I’m currently playing a early 2000 “Raw Power” Gibson Les Paul Standard equipped with a Fishman Triple Play MIDI pickup. I also have a custom Seymour Duncan SB pickup in the bridge position, which is cleaner sounding then the stock P-90, but I usually keep it turned up all the way in the middle position to shoot the gap between dirty and clean. From there, I run into an A/B switch with one output going into the new Electro-Harmonix Mel9 Mellotron Pedal into a little Vox keyboard amp (not pictured, new addition haha) and then the main guitar chain goes through an Electro-Harmonix B9 organ pedal, into a custom distortion pedal made by my friends Squarewave Industries in Seattle, then a Fulltone Fulldrive 2, Strymon Flint Tremolo/Reverb Pedal, an Electro-Harmonix Big Muff Pi, Deluxe Memory Man, a EH Micro Pog octave pedal, then a Catalinbread Echorec delay, and sometimes an old Boss RC-20, depending on what’s in the set. This then goes into my 1970 Fender Super Reverb. I run a cable out of the external speaker jack of the Super Reverb into an early 2000’s 100 Watt solid state Fender Bassman. For the Fishman Triple Play MIDI pickup, it’s wirelessly connected to a laptop, which I route to a volume pedal and then to a little 20W Johnson tube amp.

The best part of this is it sounds really amazing and makes a lot a noise for one guy playing. The worst part is that it takes a bit to set up, but I’m getting it pretty dialed in!

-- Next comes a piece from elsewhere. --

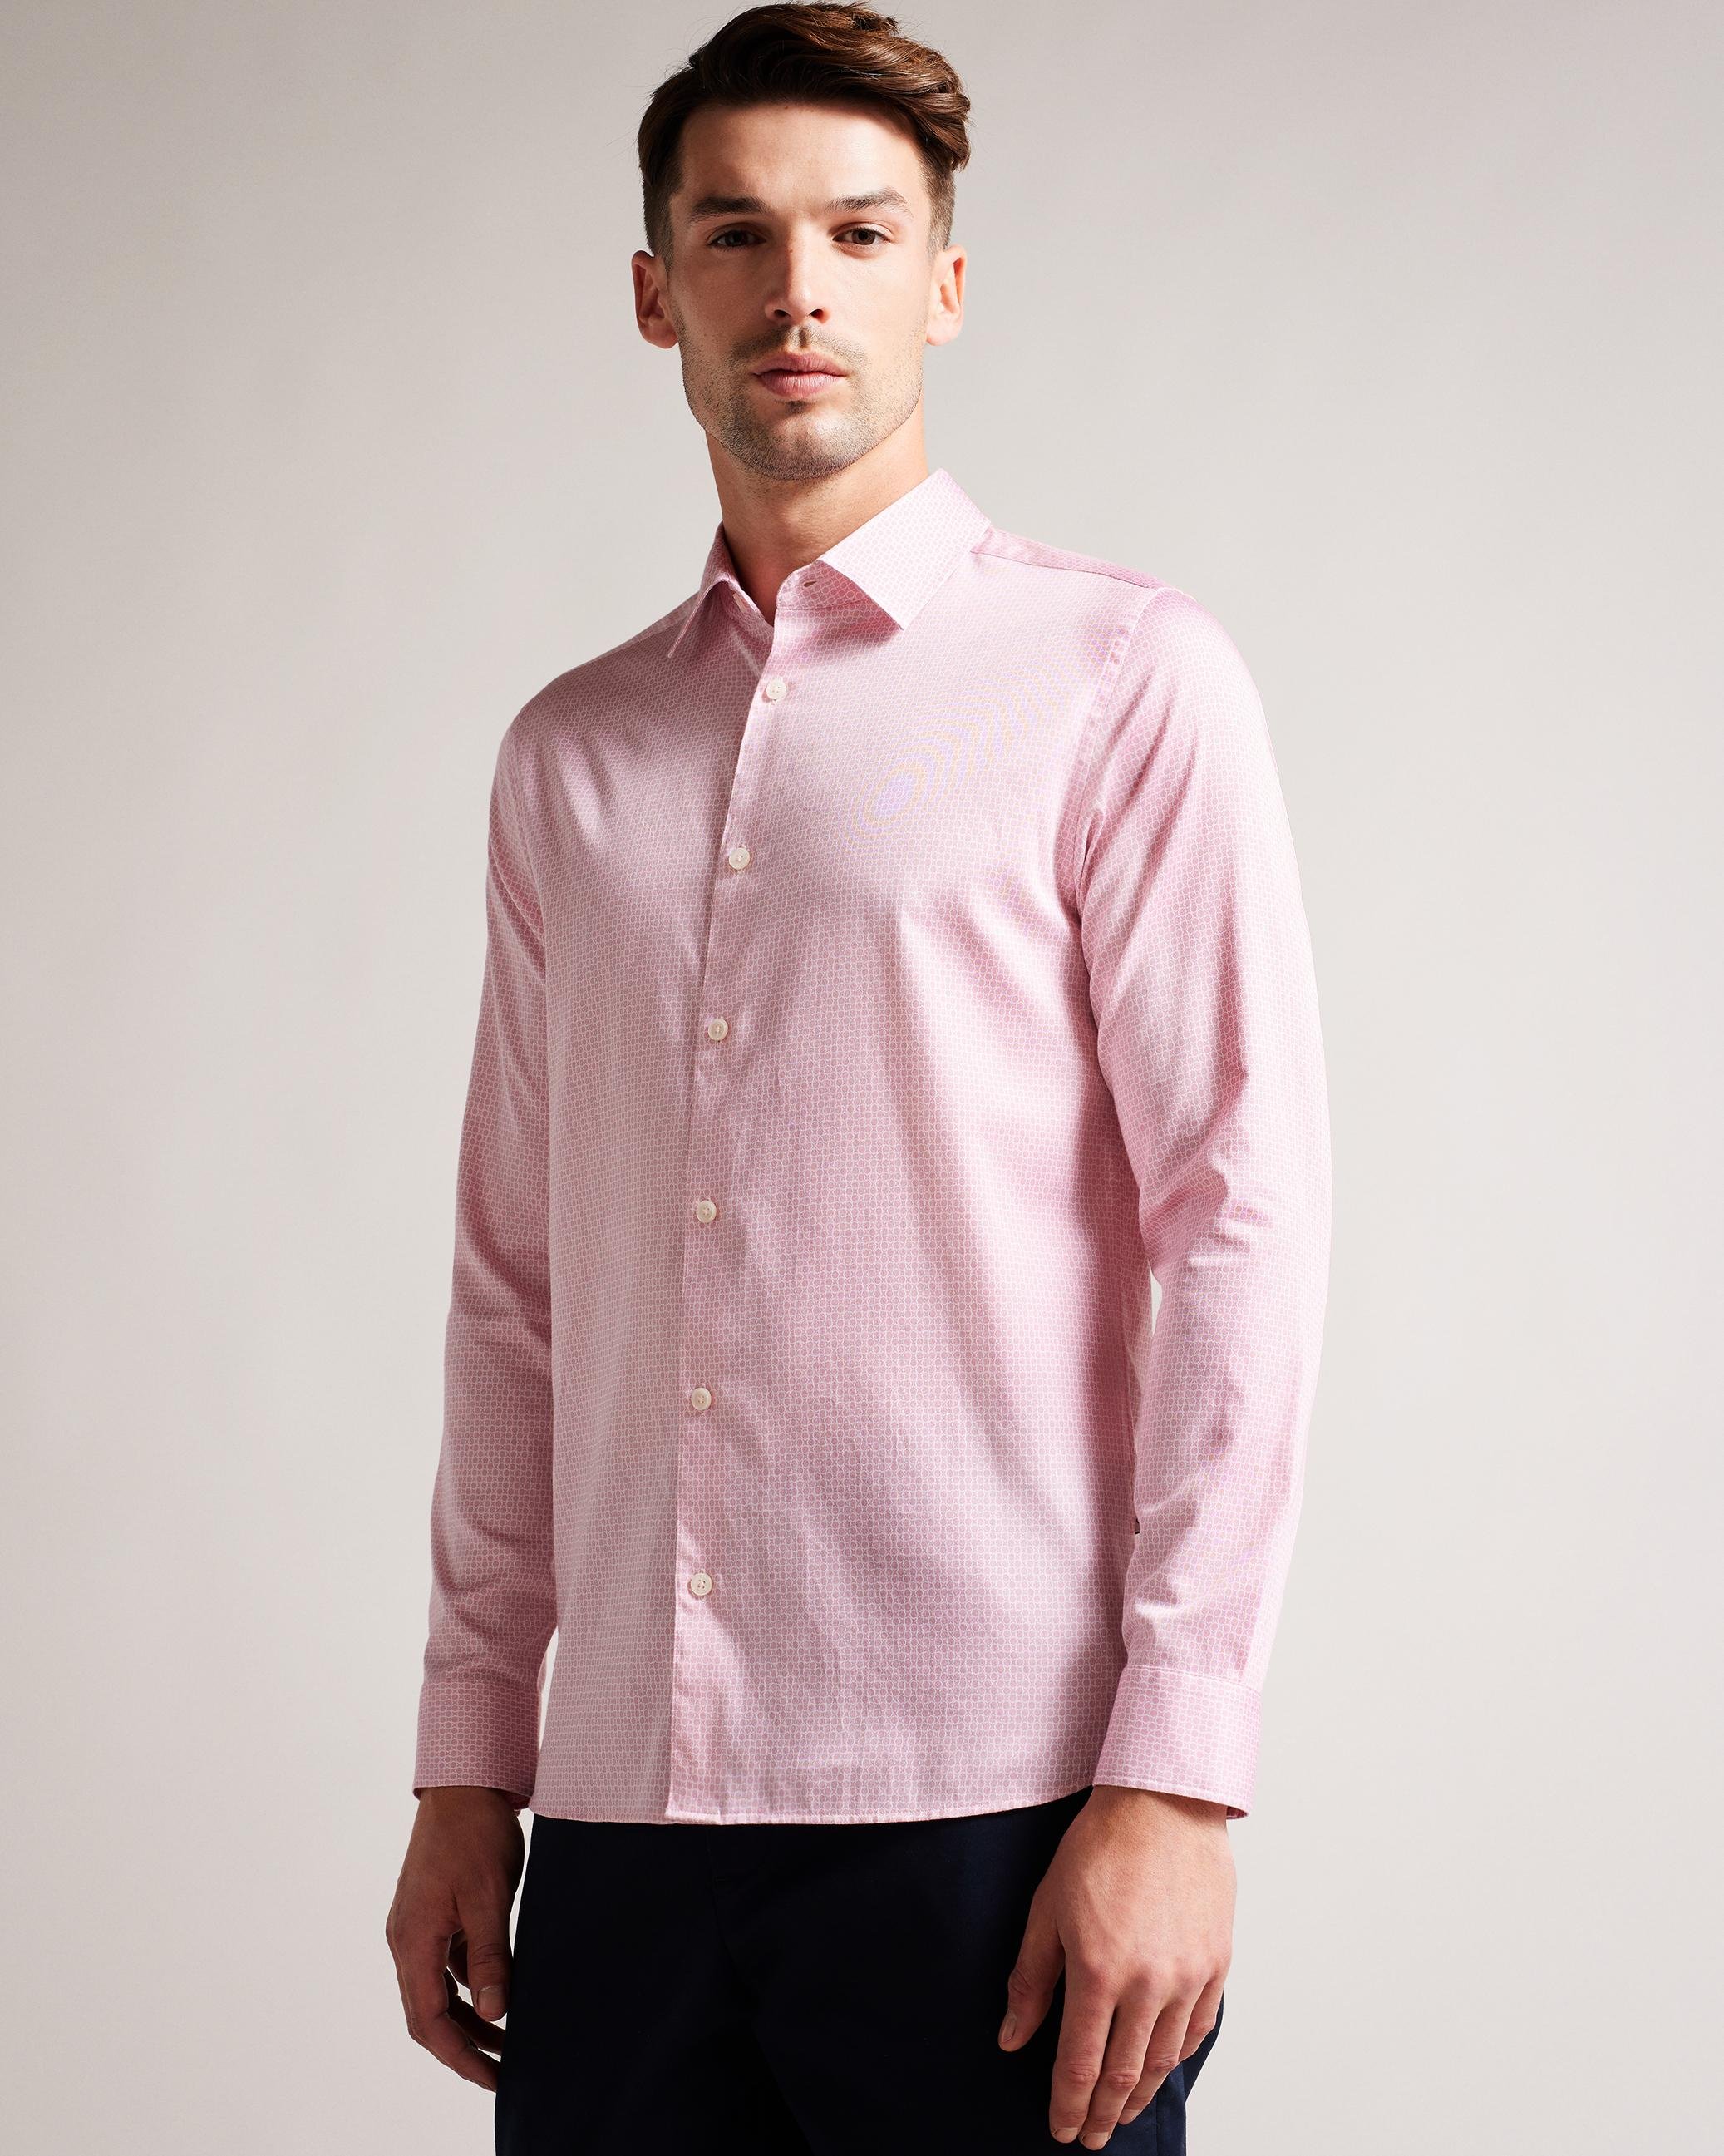 Long Sleeve Geometric Print Shirt - WILLET - Pale Pink by TED BAKER

The Gift Machine has been through a lot of lineups over the years, but when I originally started playing with my now-wife Andrea Gruber Matthies, it was just the two of us, so I started bringing in the POG and the chained bass amp to beef up the sound. A few years ago, we were playing as a 5-piece with Andrea on the drums, Dan Chambers on the guitar, Phil Benavides on bass, and Karl Blau on keyboards. Karl moved back to Washington state, Dan went away to college in San Francisco, and I work in Los Angeles a lot so we have had no time to get together and practice with Phil. We got used to making a lot of noise, but it’s just been Andrea and I again lately, so I had to get creative to fill up the space. Since our record Hard Facts Are Still Uncertain came out last year, I have written 30 songs, and being a two-piece also makes it lot quicker to put together new material. Once we get the new stuff down, I hope to bring some humans back into the mix.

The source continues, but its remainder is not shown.